- Какой же я посторонний, если я сестра! Вы же видите! - Девушка повернулась боком к часовому и подняла к его лицу рукав полушубка с повязкой Красного Креста. Часовой отмахивался и, должно быть, в десятый раз твердил:
- Ну нельзя! Ну поздно же! Ночь ведь! Нету никого! Завтра утром придете!
- Завтра утром я не могу. У меня раненые, понимаете? Я только что освободилась. Вы неправду говорите, что в штабе никого нет. Вон окна светятся.
- Ах ты боже ж ты мой! - восклицал часовой. - Ну что ты с ней поделаешь? Ну не понимает человек положения!
Ему очень хотелось пропустить девушку, но в то же время не хотелось отступать от показанной им первоначально воинской строгости. Митя знал этого часового: ночной караул у казармы нес «банный взвод». В другое время Митя вмешался бы в спор, но сейчас ему не хотелось вступать в пререкания, вообще не хотелось ни с кем говорить. Однако часовой заметил Митю и, радуясь случаю разрешить спор его авторитетом и, может быть, под его прикрытием отступить, воскликнул:
- Да вот и товарищ комиссар как раз! Он вам подтвердит приказ!
Девушка не стала дожидаться подтверждения приказа. Видимо, не в её характере было ждать чужих решений, не пытаясь повлиять на них.

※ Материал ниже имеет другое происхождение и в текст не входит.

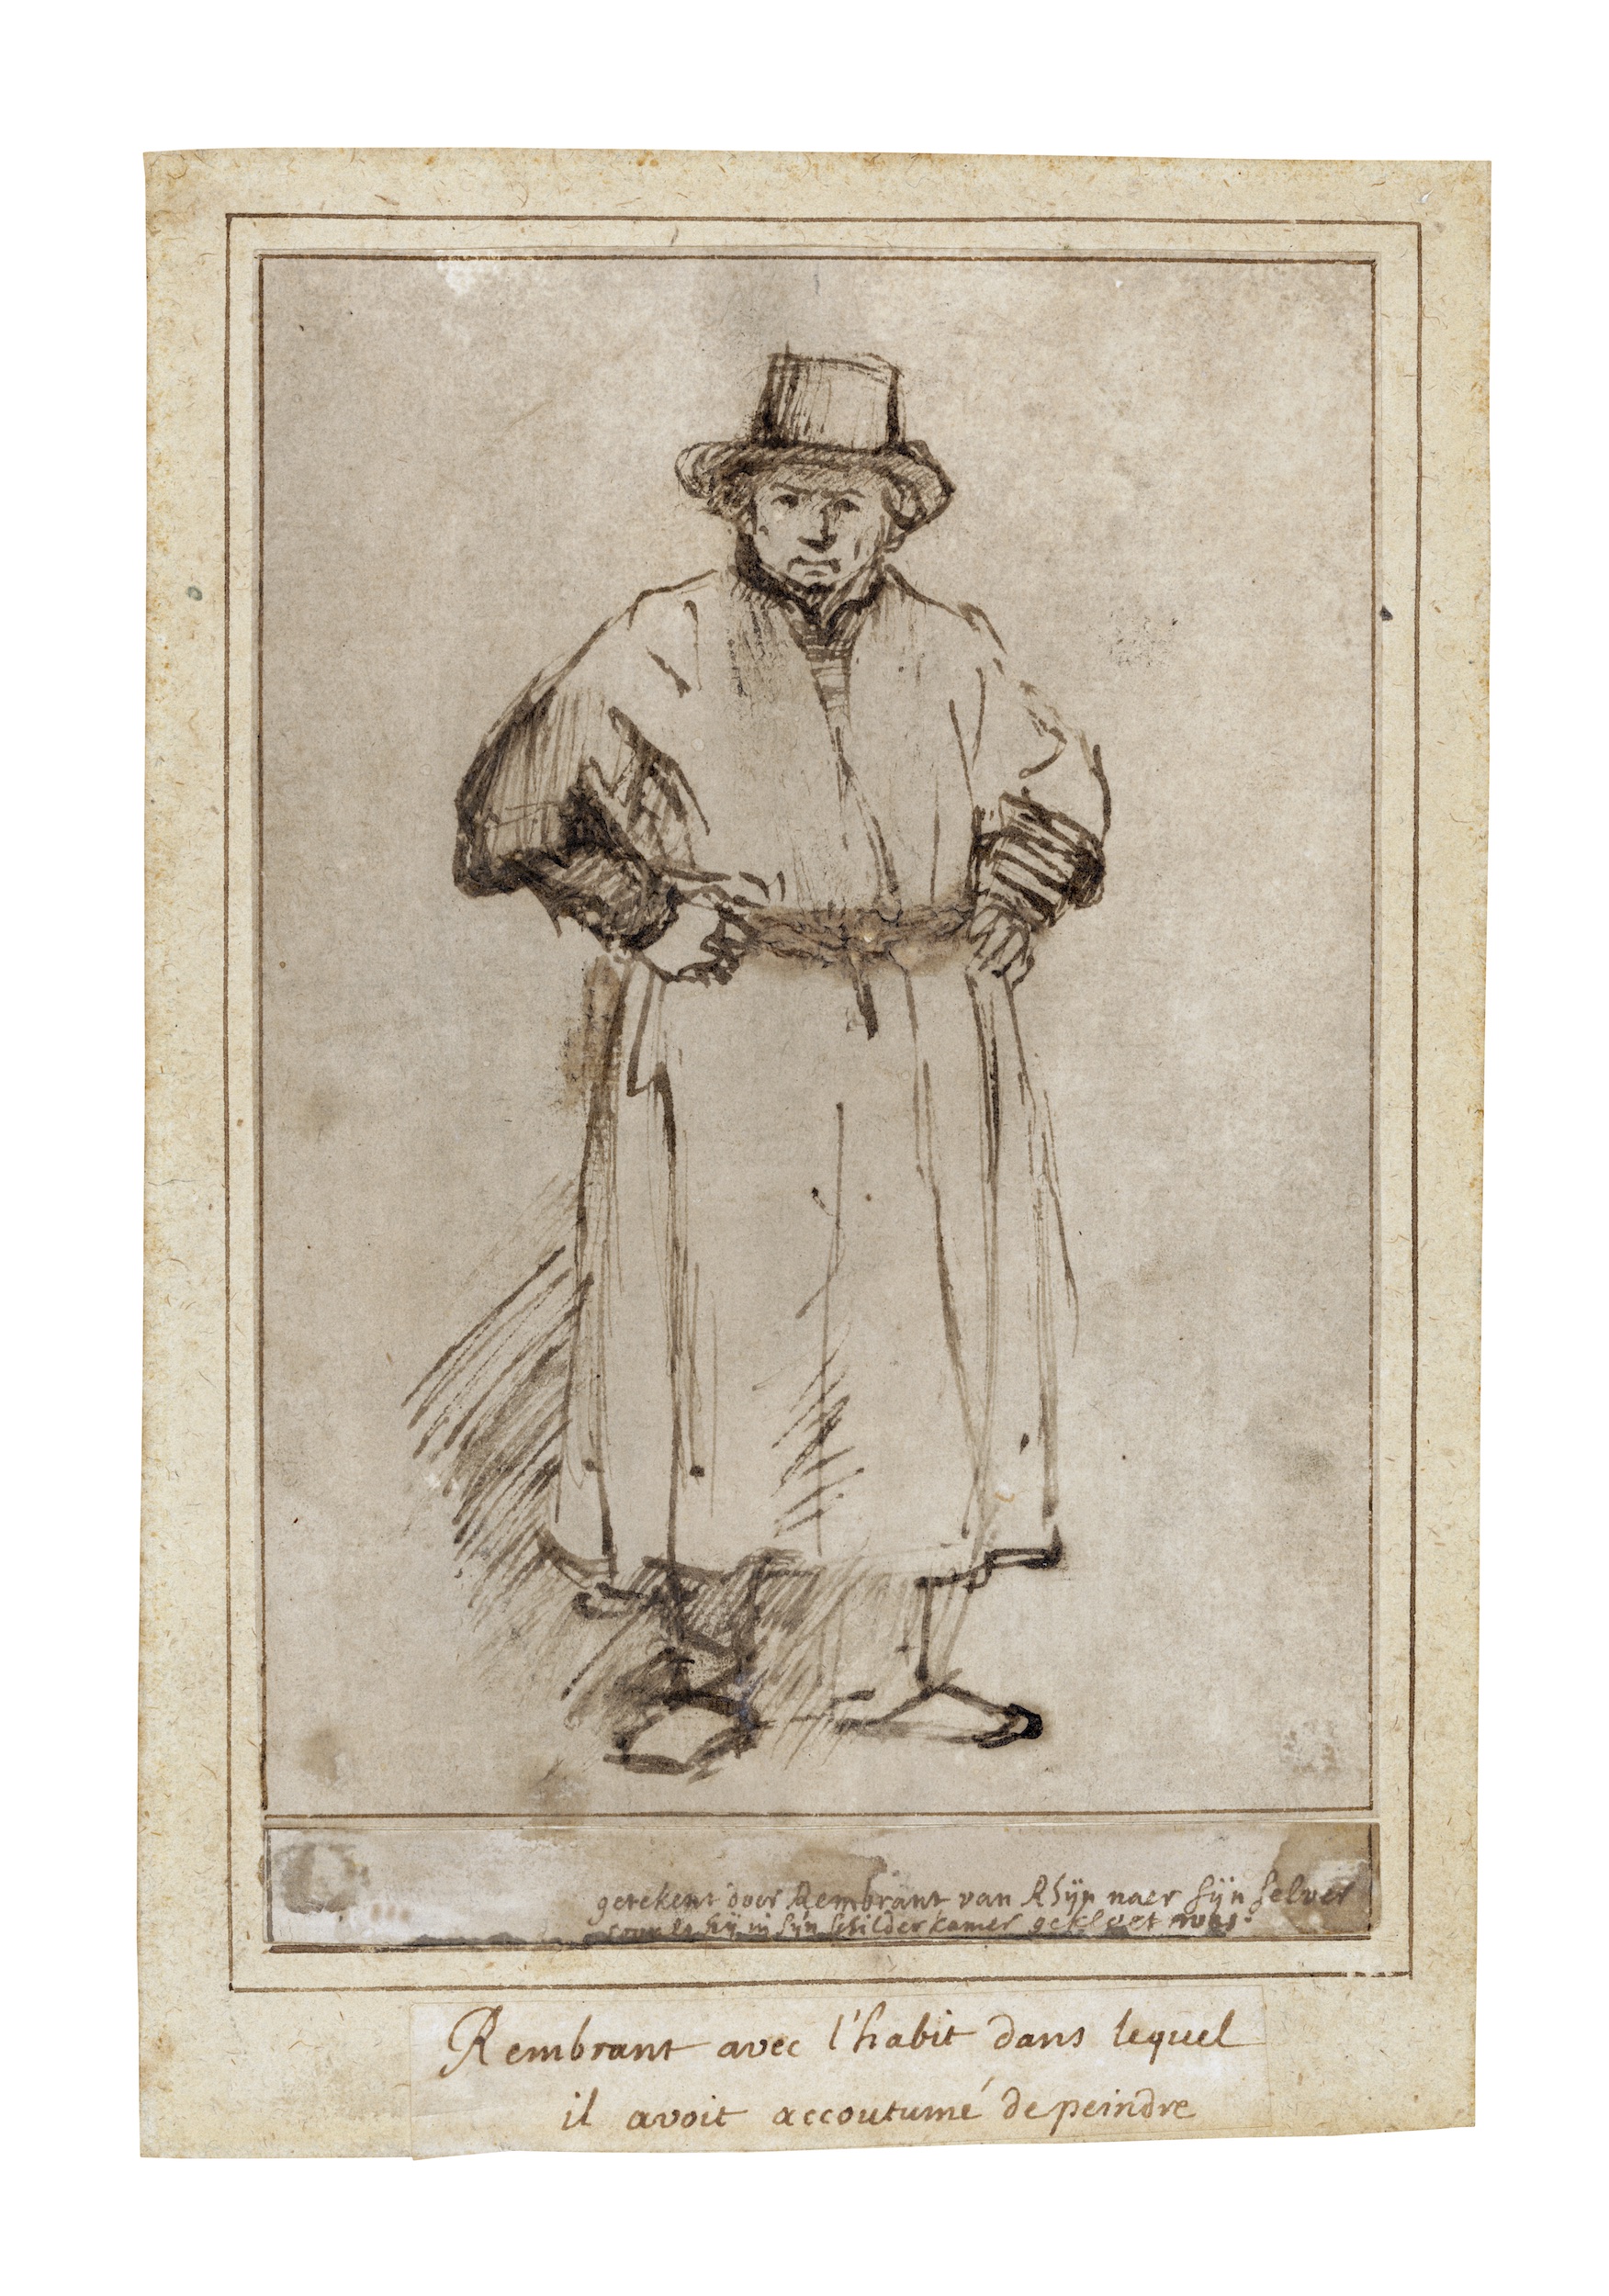 Rembrandt by Willem Drost - ca. 1650 - 203 x 134 mm. Rembrandthuis

- Товарищ, - сказала она, оборачиваясь к Мите, и Митя в полосе света из окна казармы увидел миловидное лицо с нежным румянцем и огненно-рыжие волосы, выбивающиеся из-под солдатской папахи. - Мне надо попасть в штаб, товарищ. Я не могла прийти раньше. Я сестра милосердия и пришла с вельским отрядом. Мне всего на пять минут, навести справку.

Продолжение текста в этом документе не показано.